In a complimentary study conducted by Yoder and Taube (2009) that investigated the role of the otolith organs in HD cell activity, anterodorsal thalamic activity was monitored in otoconia deficient tilted mice (Lane, 1986), a transgenic mouse line that specifically have a disrupted sense of linear acceleration and head tilt. Surprisingly, Yoder and Taube (2009) identified a number of directionally tuned cells in the anterodorsal thalamus of tilted mice. For the most part, however, these HD cells demonstrated less robust directional firing compared to control mice, and were in many cases directionally unstable during recording sessions (i.e., the preferred direction of cells would drift over time). Consistent with Muir et al. a small number of bursty cells were identified in tilted mice, but not in control mice. Importantly, bursty cell activity was not observed simultaneously with neurons displaying sharp directional tuning, and the temporal order of simultaneously recorded bursty cells remained in register with one another depending on the direction of head rotation. This latter observation again supports the conclusion that the network organization remained intact, but accurate updating via velocity information was specifically impaired. Together, the results of Yoder and Taube suggested that the otolith organs were not necessary for the generation of the directional signal, but are critical for their stability and the robustness of the signal.

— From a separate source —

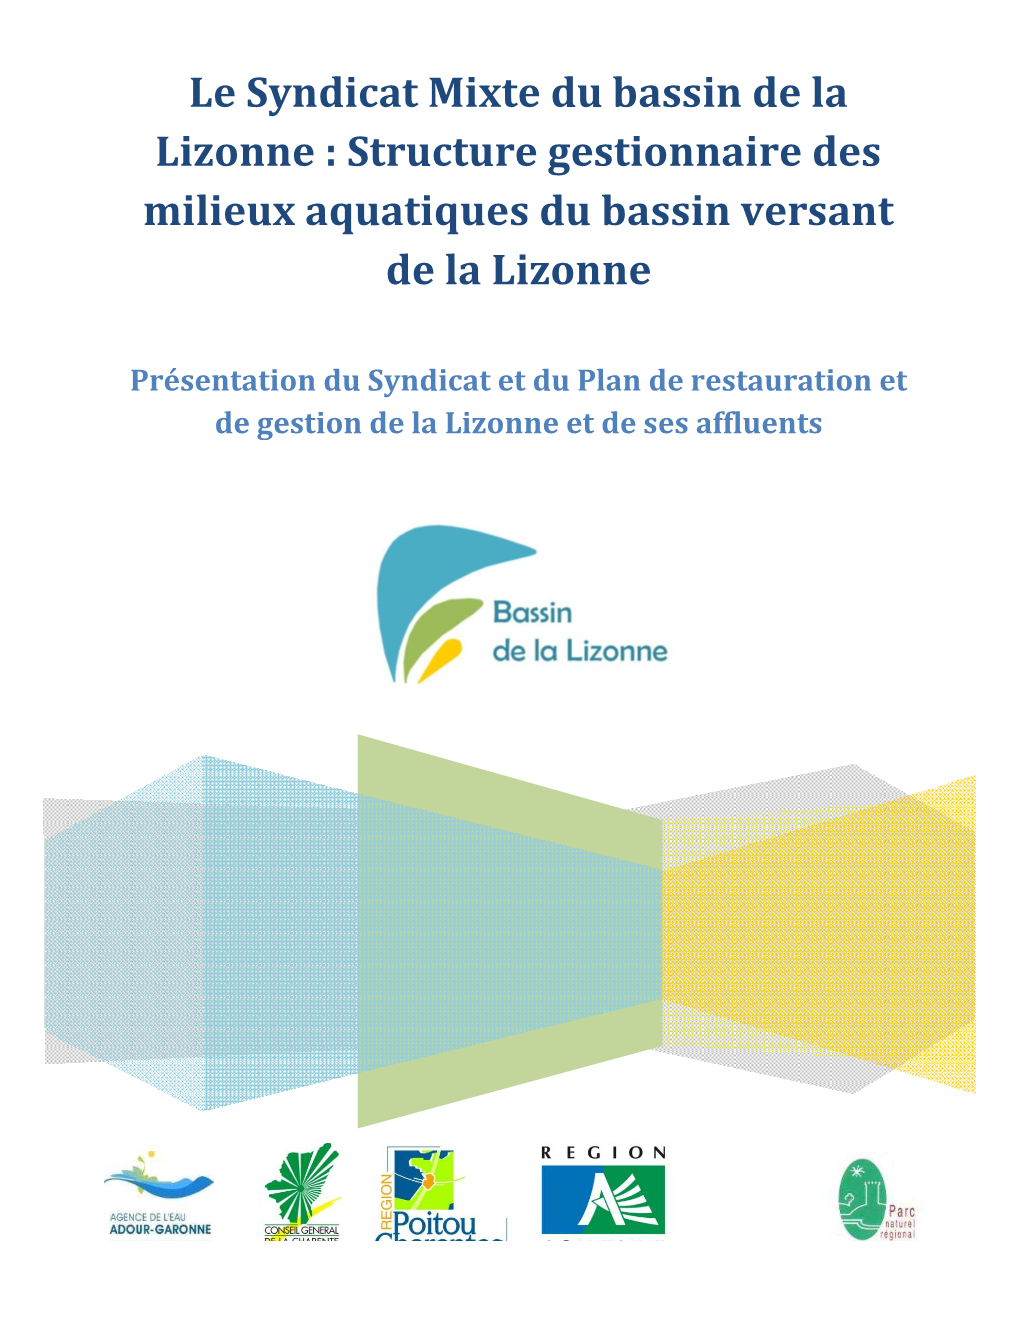 Structure Gestionnaire Des Milieux Aquatiques Du Bassin Versant De La Lizonne

Thus, when considered with the canal-plugging findings of Muir et al., the experiments suggest that only the semicircular canals are necessary for HD cell generation in the anterodorsal thalamus.

The bursty activity identified in the experiments by Muir et al. and in Yoder and Taube provided strong support for the attractor network hypothesis. Nevertheless, the failure to identify bursty activity in populations of HD cells after vestibular damage, as was the case in the Stackman and Taube (1997) study, has posed a challenge to this general conclusion. Muir et al. (2009) argued that the difference between these studies might be related to the amount of time between vestibular damage and cellular recording. While Stackman and Taube (1997) continued their recording sessions shortly after sodium arsanilate damage (1 h), Muir et al. waited 1–2 weeks for recovery before anterodorsal thalamic neurons were reassessed for directional activity. Stackman and Taube continued recording cellular activity within the anterodorsal thalamus for up to 96 h after the lesion, but in no cases were bursty cells recorded within this time period. This difference may be relevant because secondary vestibular neurons, which normally have high resting firing rates (mean: ∼35 spikes/s), return to only 50% of their baseline-firing rate after vestibular labyrinthectomy, and tonic activity of these neurons returns to pre-lesion levels only after 1 week (Ris and Godaux, 1998). Thus, Stackman and Taube monitored HD cell activity during a period of depressed tonic activity within the vestibular nuclei, suggesting that tonic firing by secondary vestibular neurons might underlie bursting activity.

Generative Circuit within the HD Cell System

The work summarized thus far suggests that HD cells likely adopt bursty firing characteristics following vestibular interventions (Muir et al., 2009; Yoder and Taube, 2009). Preliminary work from our laboratory has also corroborated these observations following lesions of putative vestibular relay centers such as the supragenual nucleus (Clark and Taube, unpublished observations). In contrast to these studies, however, Bassett et al. (2007) did not identify bursting activity in the anterodorsal thalamus of animals with bilateral lesions of the dorsal tegmental nuclei or lateral mammillary nuclei (see also Blair et al., 1998, 1999). Expanding on the interpretation that bursty activity after vestibular damage reflects an attractor network uncoupled from external vestibular input, these latter observations may constitute evidence that the HD signal and an attractor-based architecture resides in the reciprocal connectivity of the dorsal tegmental and lateral mammillary nuclei (Allen and Hopkins, 1989; Hayakawa and Zyo, 1989; Taube, 1998, 2007; Sharp et al., 2001a; Blair and Sharp, 2002).

The earliest support for the hypothesis above came from studies showing that both the lateral mammillary and dorsal tegmental nuclei contain populations of HD cells (Blair et al., 1998; Stackman and Taube, 1998; Sharp et al., 2001b), although with relatively smaller proportions reported in the dorsal tegmental nuclei compared to other diencephalic and telencephalic structures (reviewed in Taube and Bassett, 2003). Several anatomical studies also support the hypothesis, as both regions occupy a pivotal position between vestibular and landmark processing systems. Most notable among the vestibular system projections are the supragenual nuclei and nucleus prepositus hypoglossi (Figure 2; Brown et al., 2005; Biazoli et al., 2006); the latter of these two regions is thought to be the site of the neural integrator for the vestibulo-occular reflex (Robinson, 1989). Projections stemming from the nucleus prepositus hypoglossi are largely restricted to the dorsal tegmental nuclei (Brown et al., 2005; Biazoli et al., 2006), whereas output from the supragenual nuclei reaches all levels of the tegmento-mammillary pathway. These latter projections, however, are topographically organized such that output to the lateral mammillary nucleus is directed mostly ipsilateral, and output to the dorsal tegmental nucleus is directed largely to the contralateral side (Biazoli et al., 2006). The lateral mammillary nuclei also receive prominent projections from the postsubiculum (Shibata, 1989), suggesting that landmark information is integrated at this subcortical level (Yoder et al., 2011a).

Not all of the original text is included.